Methods to date have mainly relied on culturing bacteria on selective growth media. This approach excludes entire groups of non-cultivable bacteria, as well as those that require specific cultivation conditions (Al-Awadhi et al. 2013; Feleni et al. 2025). Results based solely on culture may systematically underestimate actual microbiological exposure. Therefore, assessing pathogen risk in the aquatic environment requires modern detection tools and microbiological indicators that can identify the presence of and the potential pathogenicity of microorganisms in water used by humans. While culture-based methods may underestimate pathogen diversity, molecular techniques detect DNA from both viable and non-viable cells (Sheikh et al. 2012). Furthermore, the scope of sanitary testing should be expanded due to increasing antibiotic resistance in bacteria and the emergence of new, previously unanalyzed pathogens (McLellan et al. 2024).
Flood-affected areas should be monitored for microbiomes, with particular attention to pathogenic microorganisms, rather than focusing solely on basic indicator bacteria, such as fecal bacteria. The importance of systematic research on microbiological soil contamination after flooding is multidimensional. First, accurate data on which organisms and at what concentrations enter the soil are essential for assessing the health risk to the population (contact with soil, agricultural use, recreational contact). Second, monitoring correlated with hydrological analyses enables distinguishing between sources of contamination (e.g., municipal sewage, hospital sewage, animal waste, surface runoff from fields, releases from cemeteries), which is crucial for designing preventive measures and risk management. Third, identifying the presence of ARGs and opportunistic pathogens in soils after flooding has implications for controlling the spread of antibiotic resistance in the environment. Finally, the results of such studies provide a basis for developing sanitary and epidemiological guidelines for the safe use of flood-affected areas and for rapid response strategies after flooding (e.g., decontamination, use bans, water and soil testing before restoration of use) (Mavrouli et al. 2022).

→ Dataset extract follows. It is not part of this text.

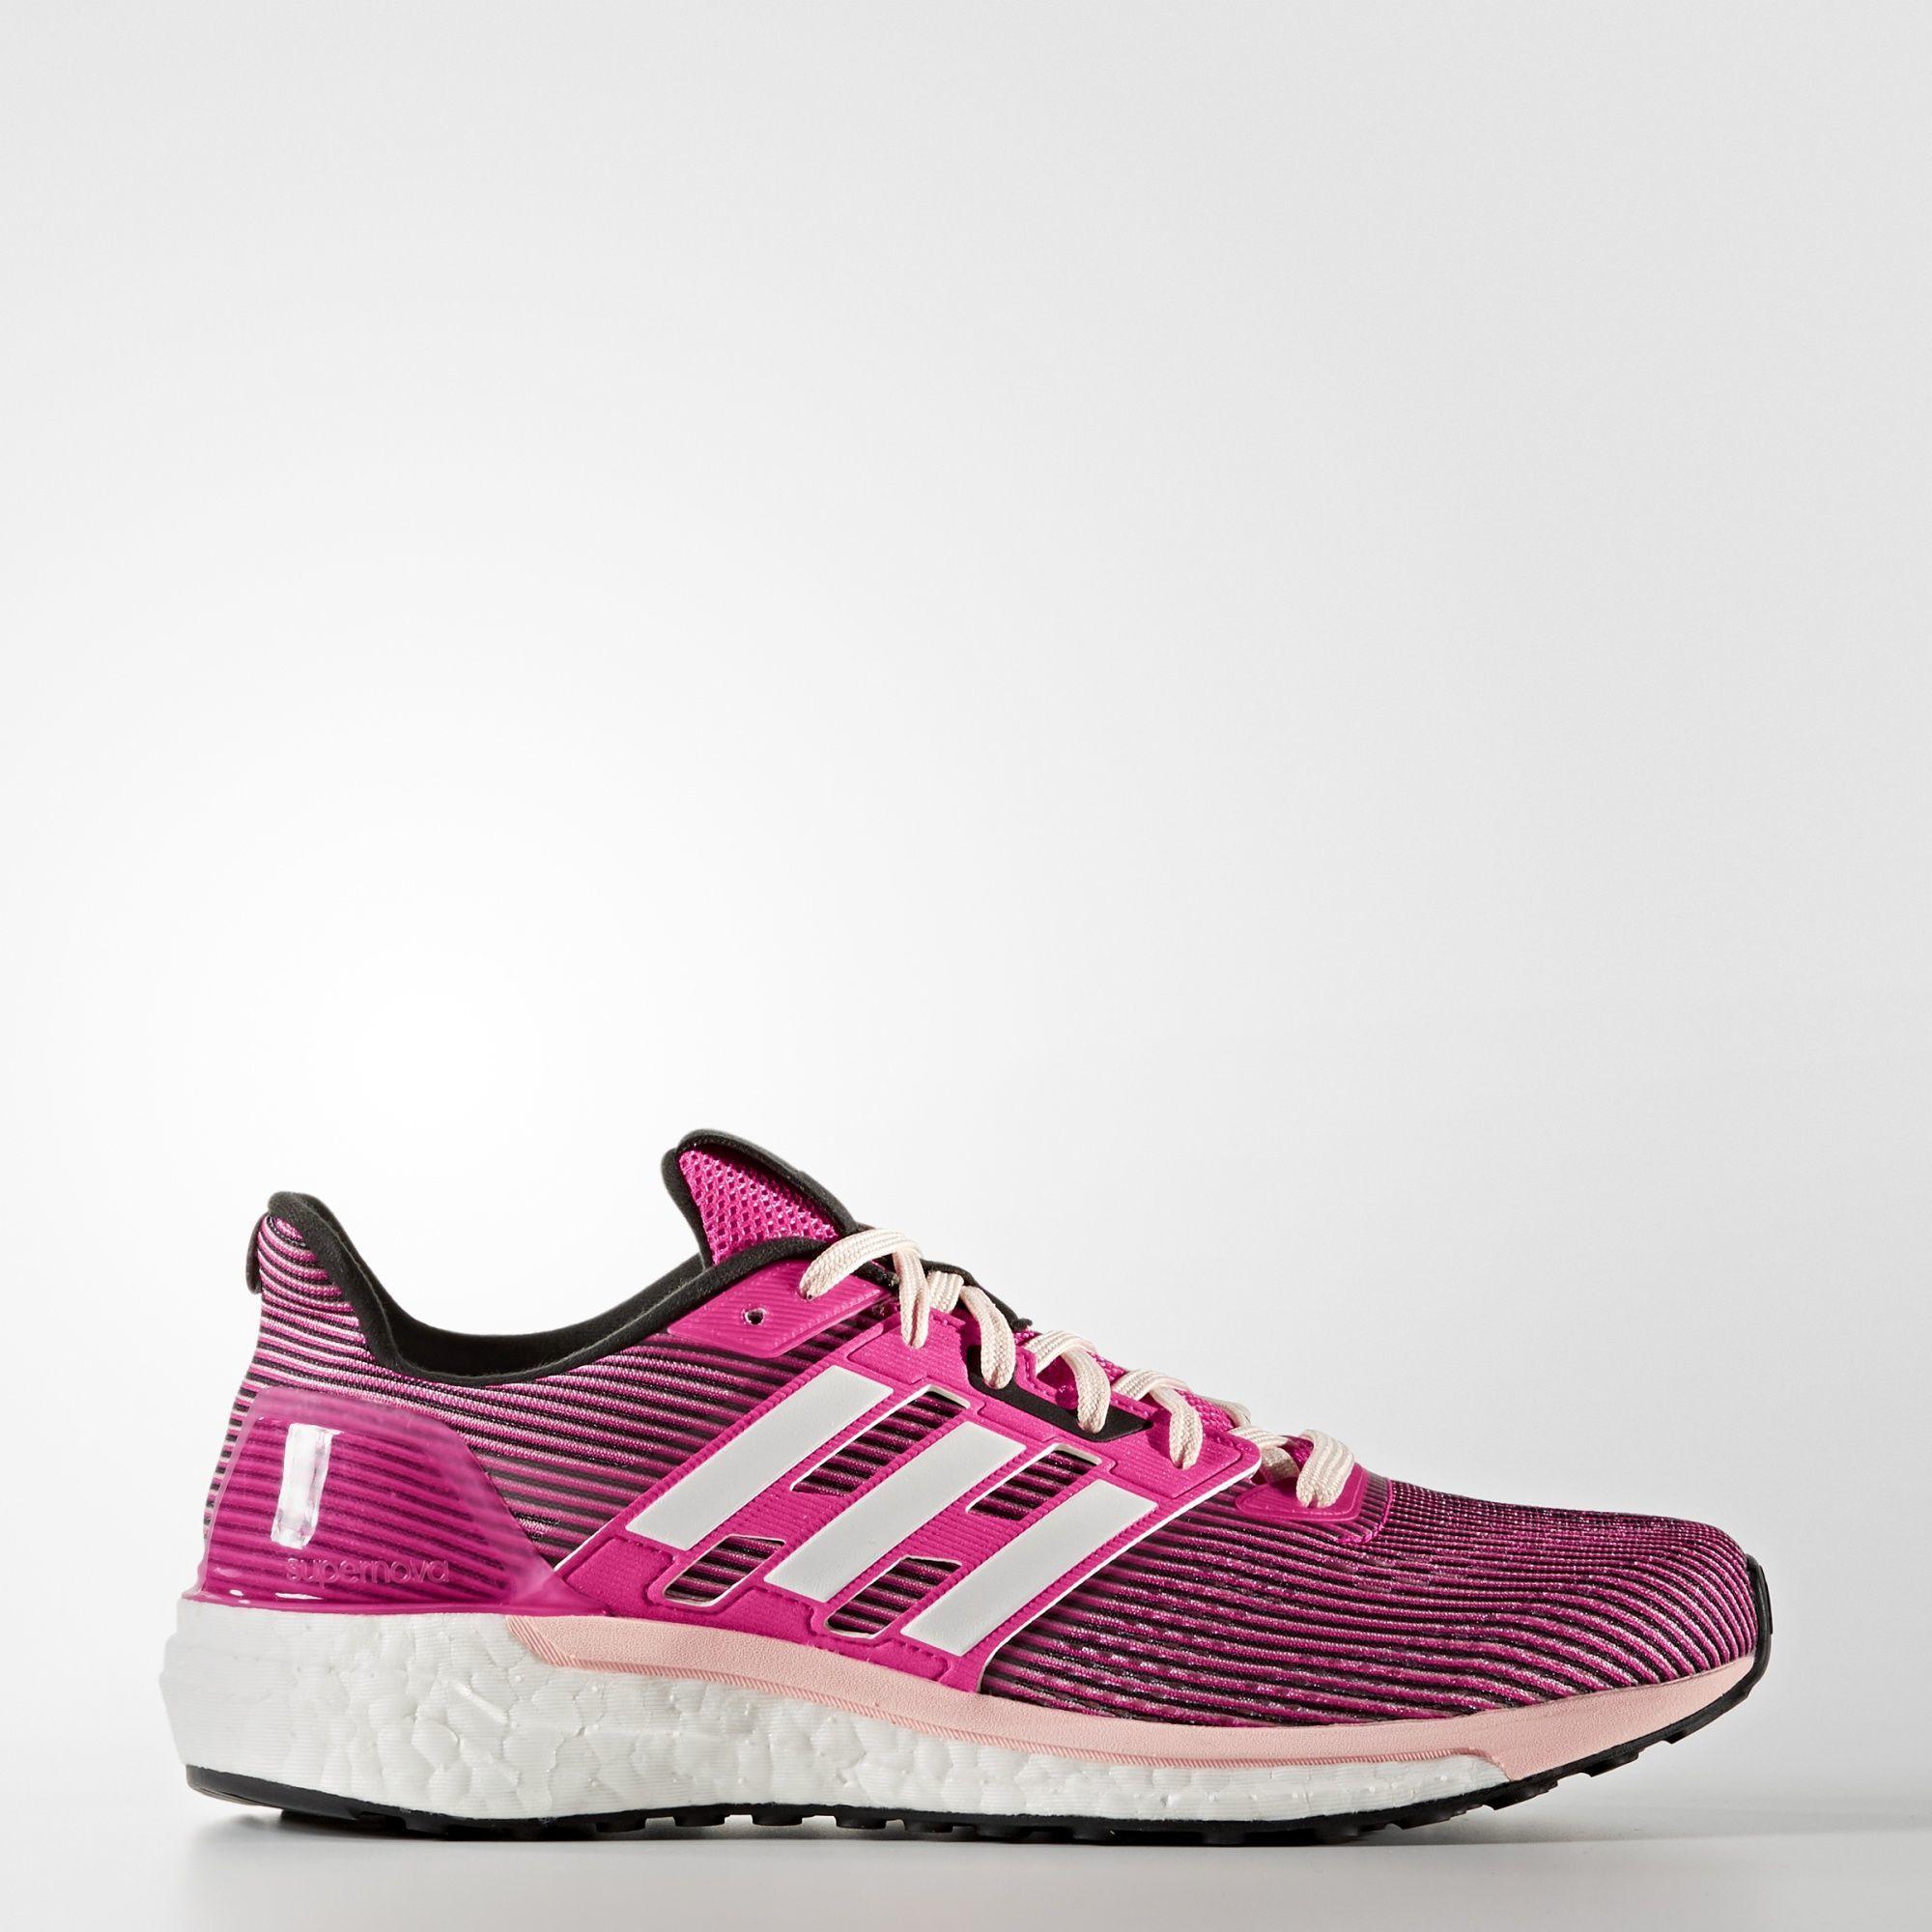 adidas Supernova w in Pink

Available data clearly show that flooding leads to the long-term persistence of pathogenic microorganisms in soil. This is particularly significant in agricultural soils, as these pathogens can be transferred to farmers, livestock, and plants — and therefore to crops and feed. Post-flood soil analysis should be standard practice, encompassing the full spectrum of potential soil, water, and human-origin pathogens, as floodwaters transmit microorganisms from multiple sources. Guidelines on food safety after flooding, along with instructions for handling affected agricultural products, are needed. To develop such policies, it is necessary to understand the problem and its scope. Strengthening soil-focused microbiological research, clarifying exposure routes, and developing practical mitigation guidelines are essential steps toward effective flood risk management in a changing climate.